» **What to produce**: Once the line holding "It's shoesday - Matalan Email Archive" is found in the entries below, restate it and each line after it word for word, with no pictures.
········
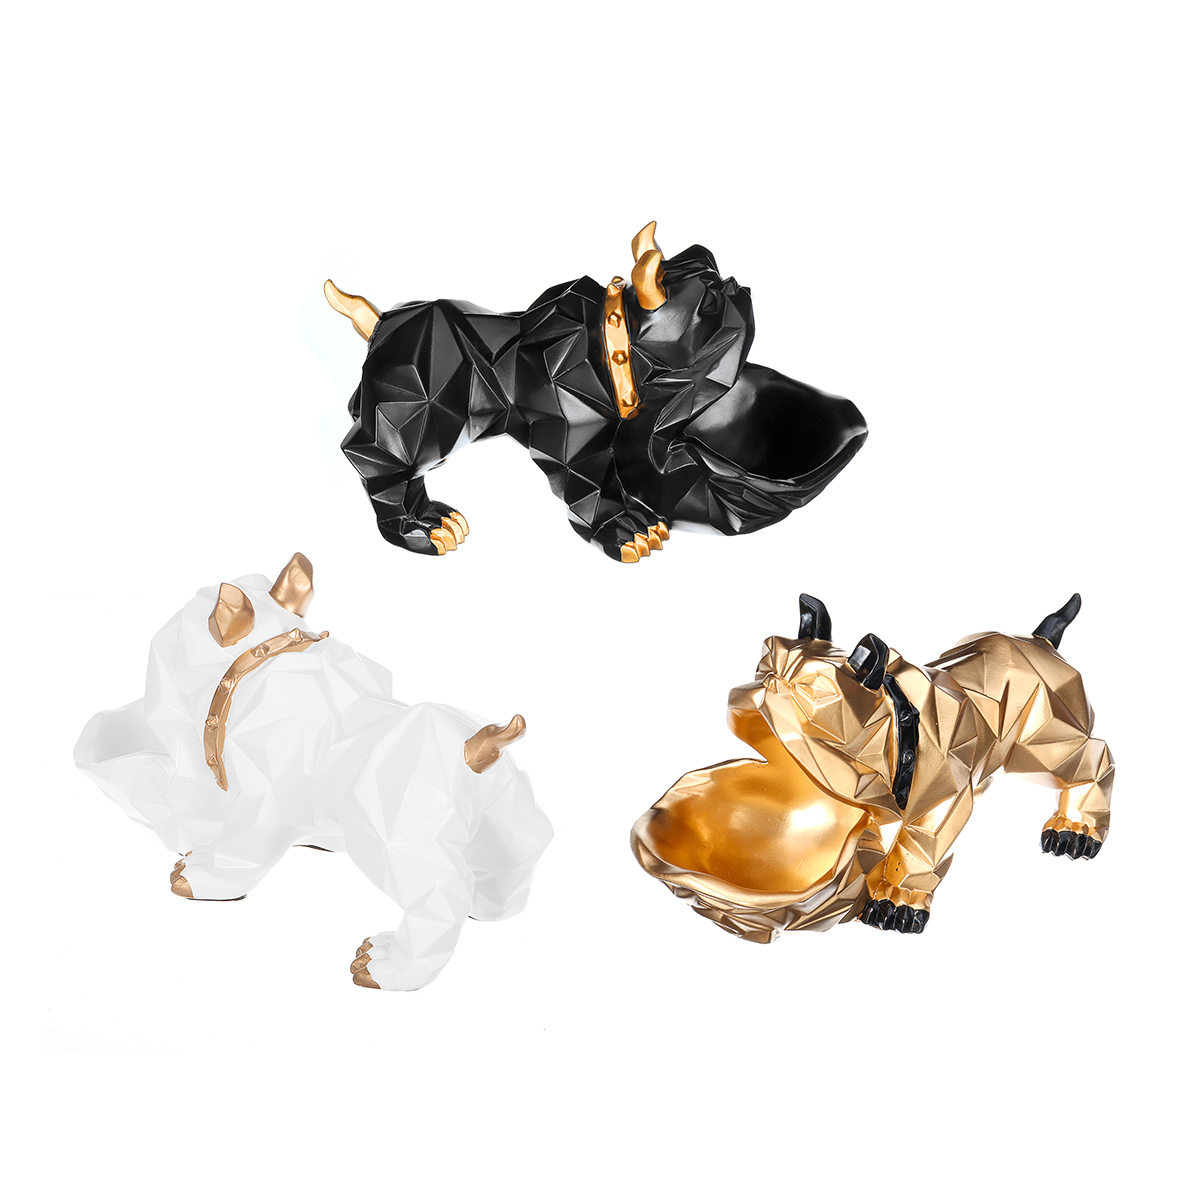 Cute-Dog-Figurines-Statue-Resin-Sculpture-Home-Storage-Decorations-1576063-6
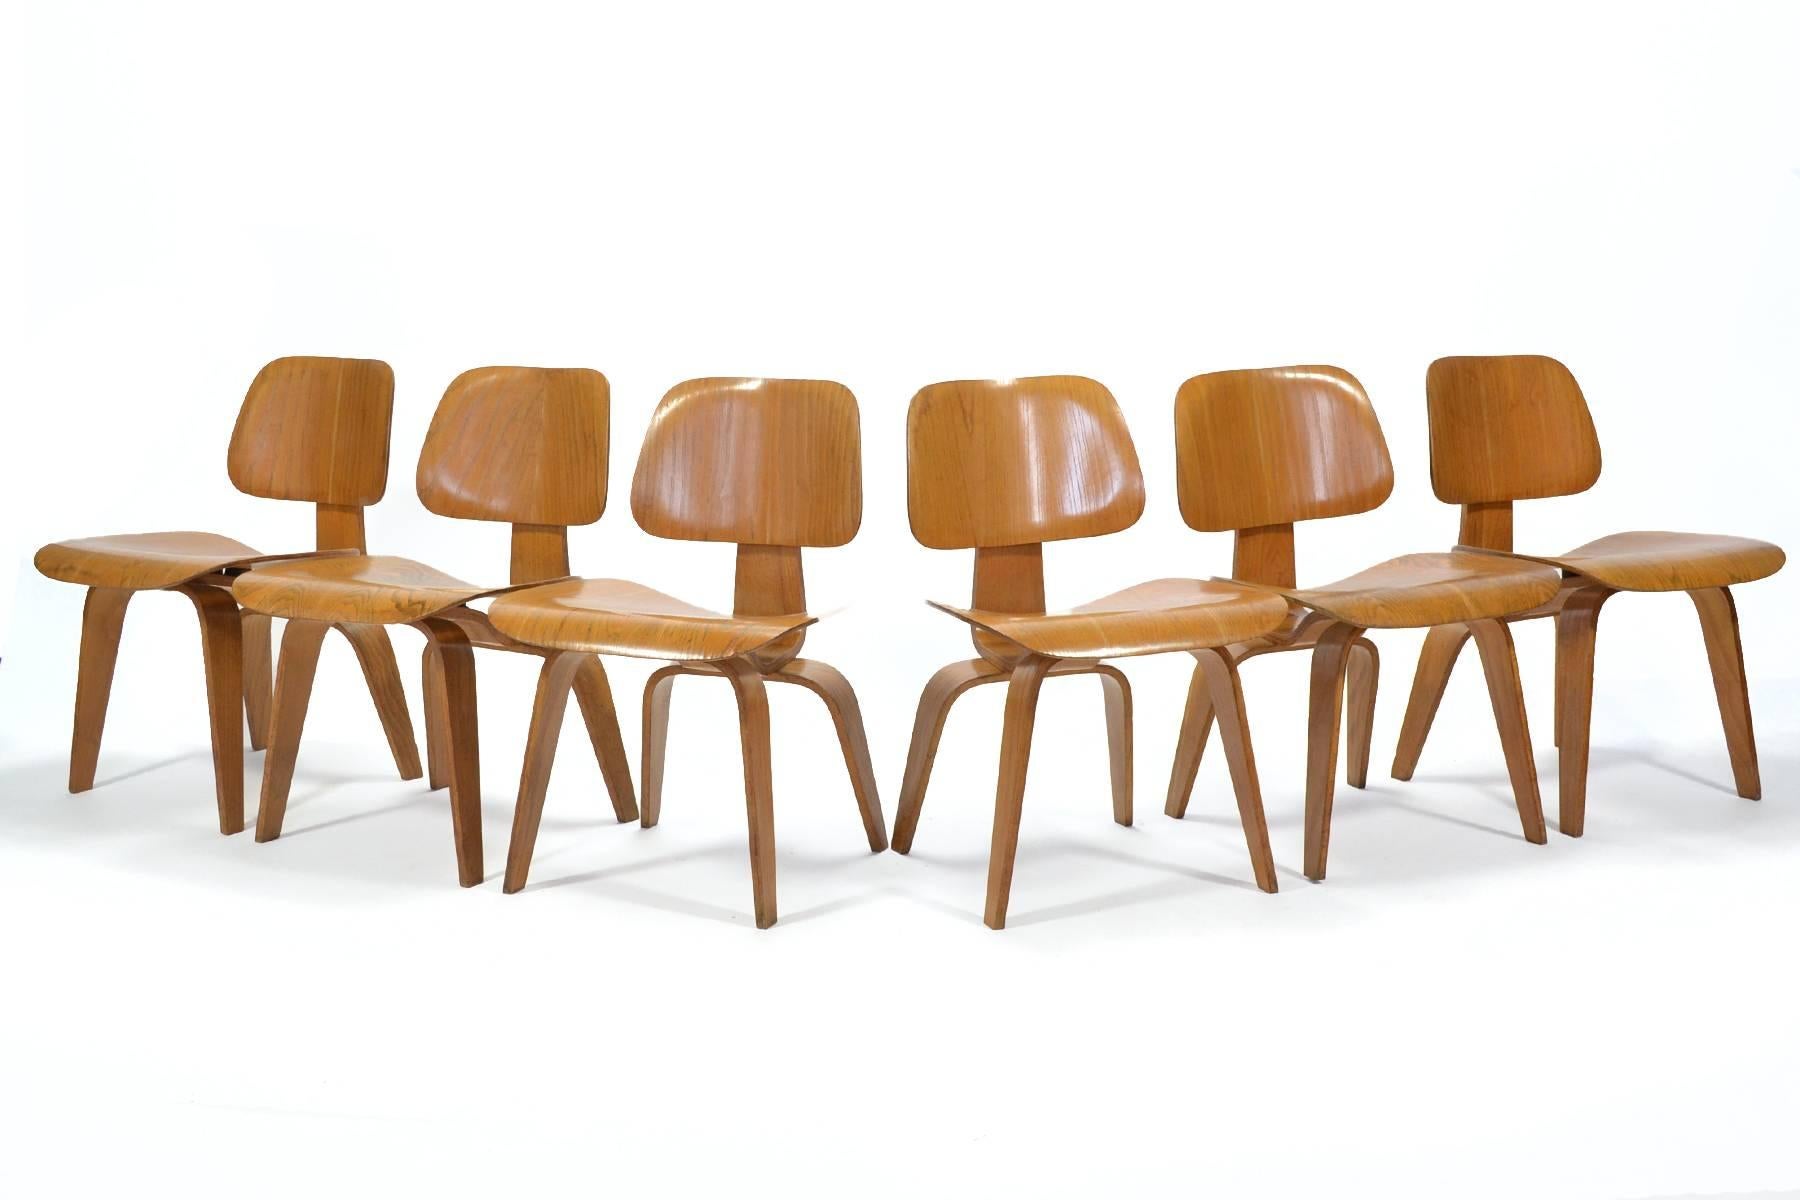 This rare set six of early Eames DCW (Dining Chair Wood) were produced by Evans for Herman Miller in the late 1940s. One of Charles and Ray's most important designs, the DCW was the result of their wartime experiments in molding plywood. They were
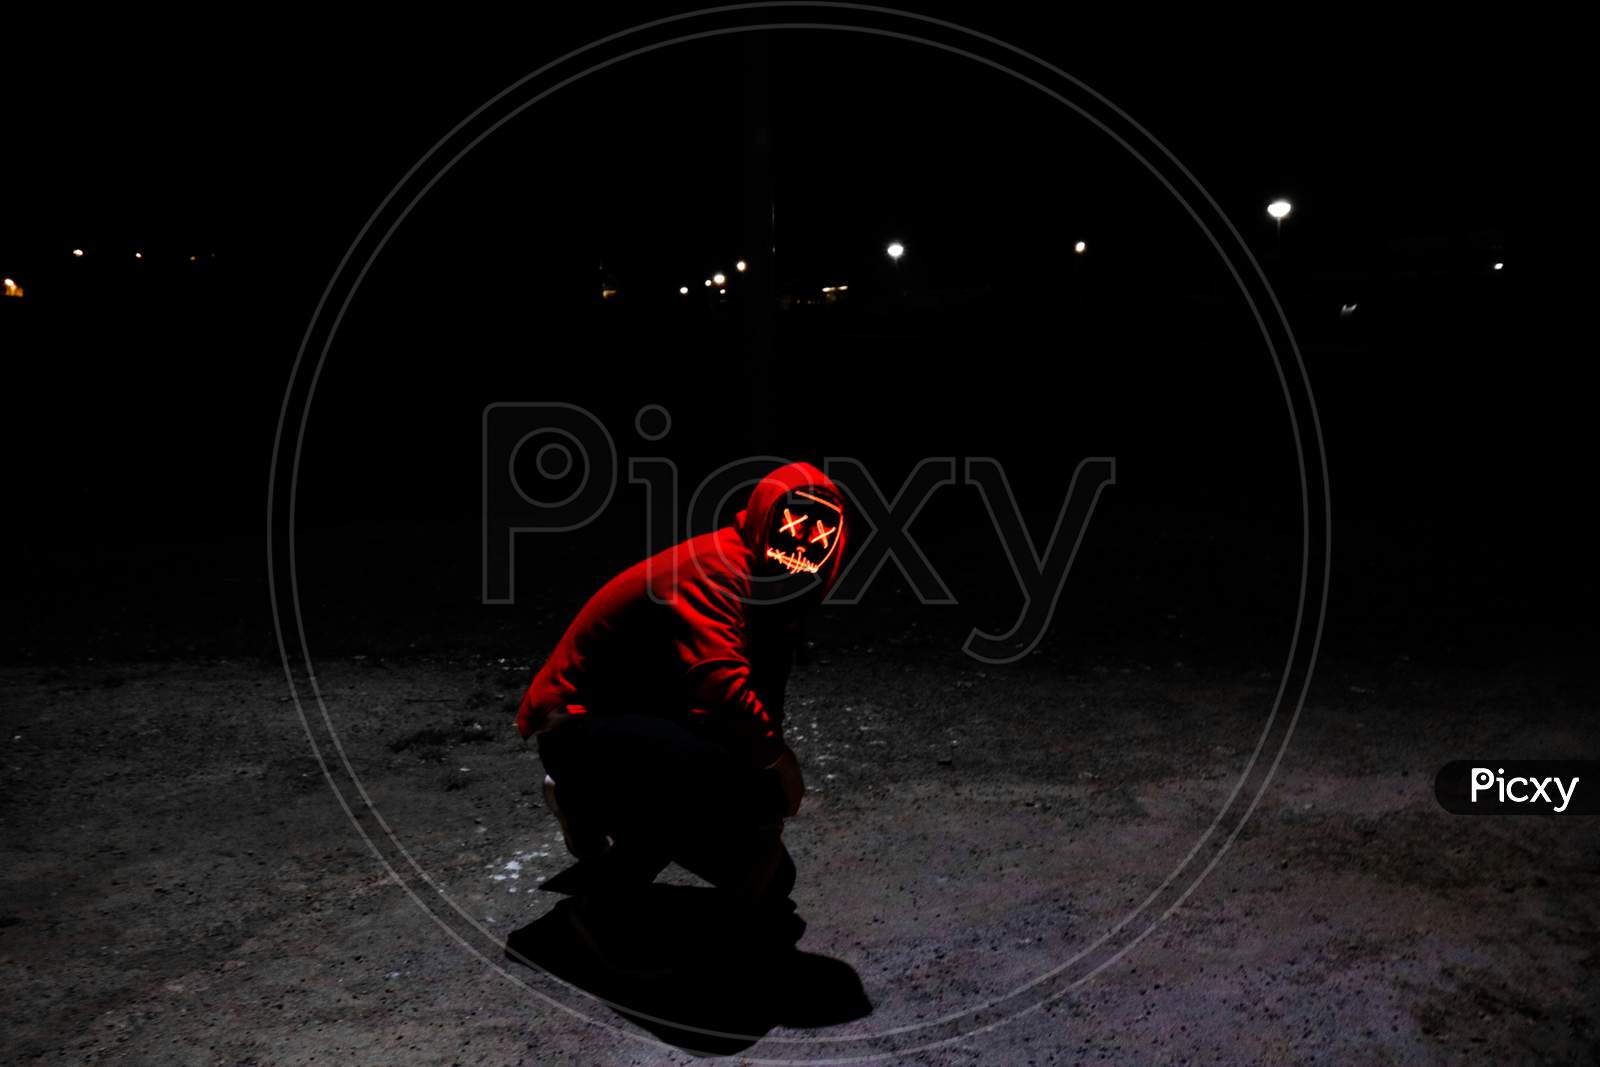 A Man Wearing A Red Hoodie With Red Glowing Mask Sitting On The Ground.
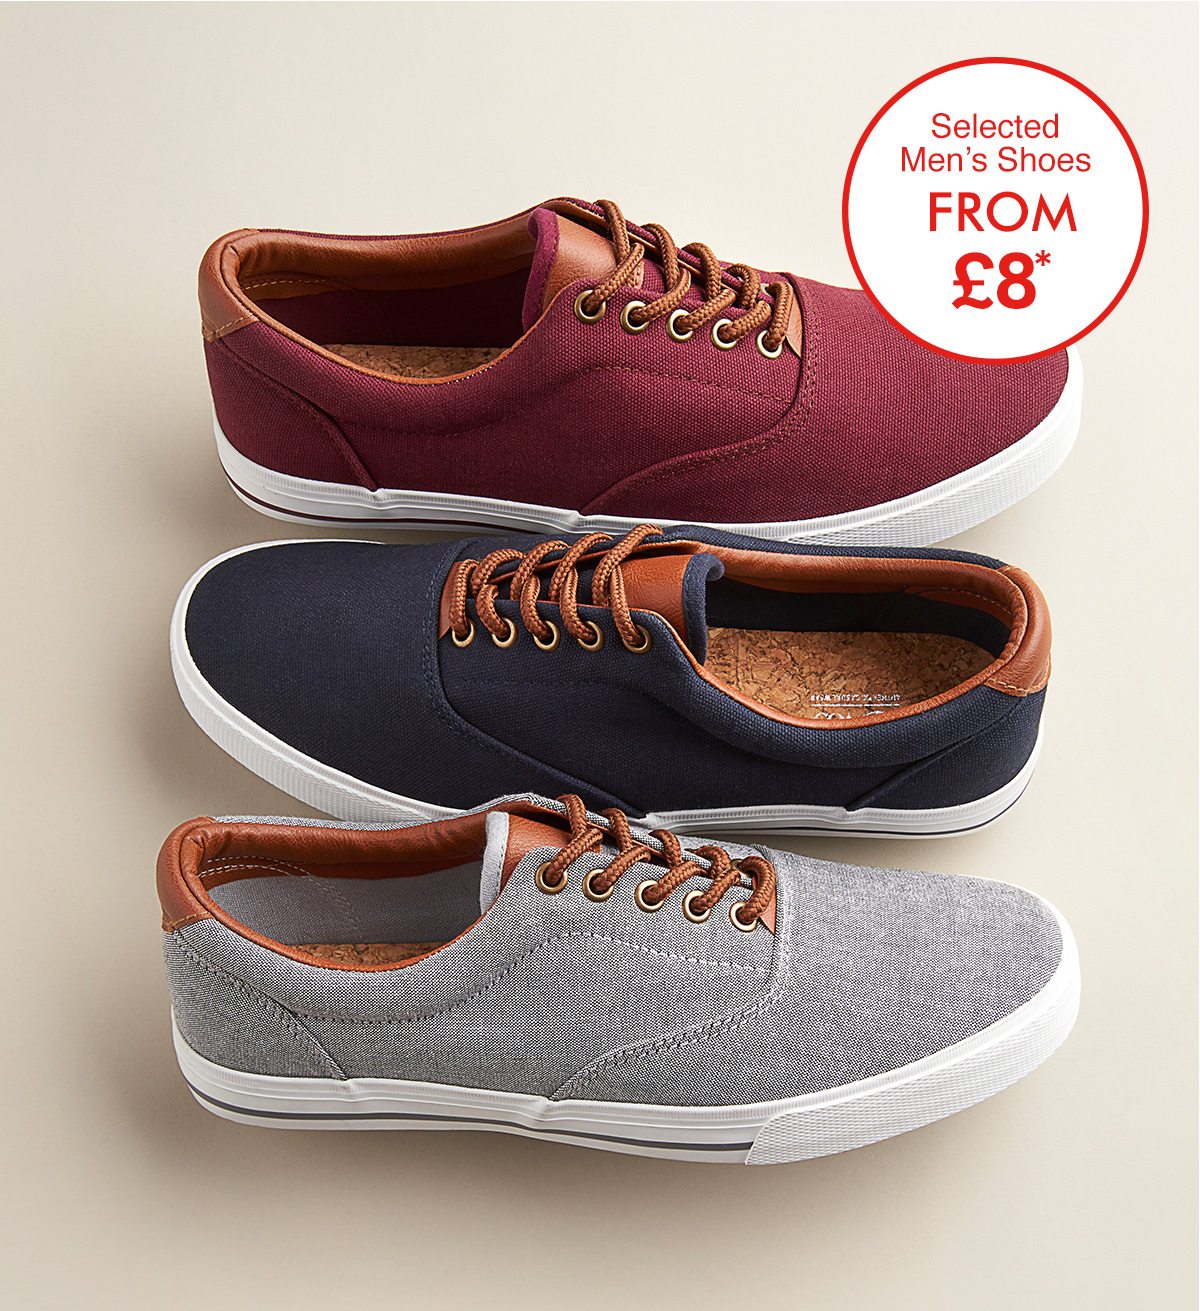 It's shoesday - Matalan Email Archive
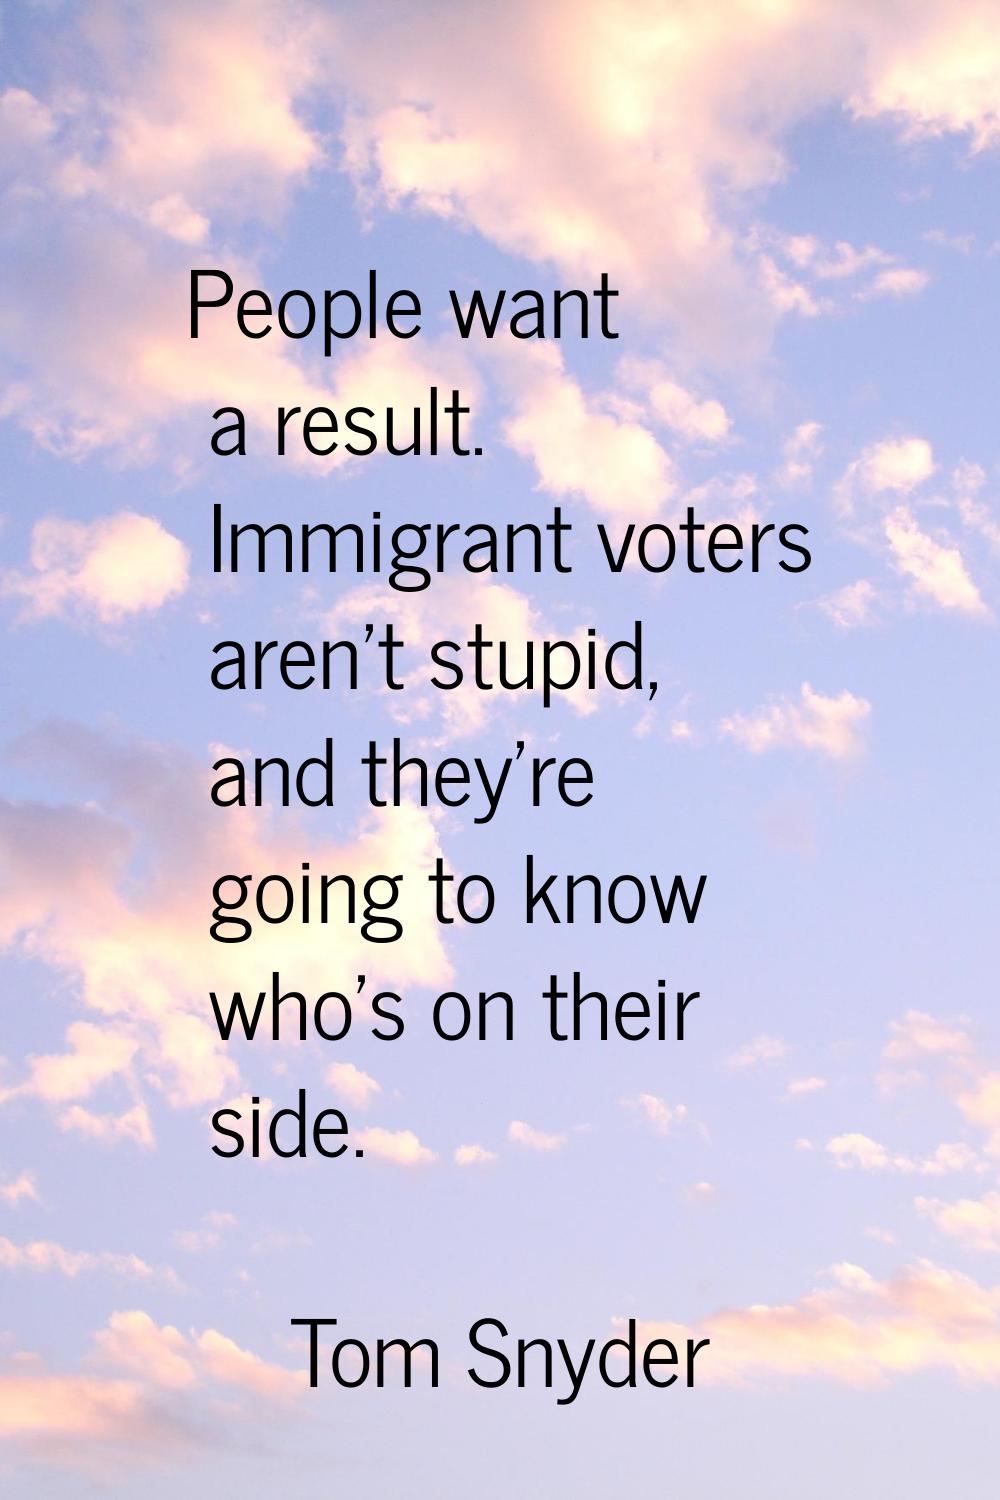 People want a result. Immigrant voters aren't stupid, and they're going to know who's on their side
········
» **Solution to the problem**:
 It's shoesday - Matalan Email Archive
 People want a result. Immigrant voters aren't stupid, and they're going to know who's on their side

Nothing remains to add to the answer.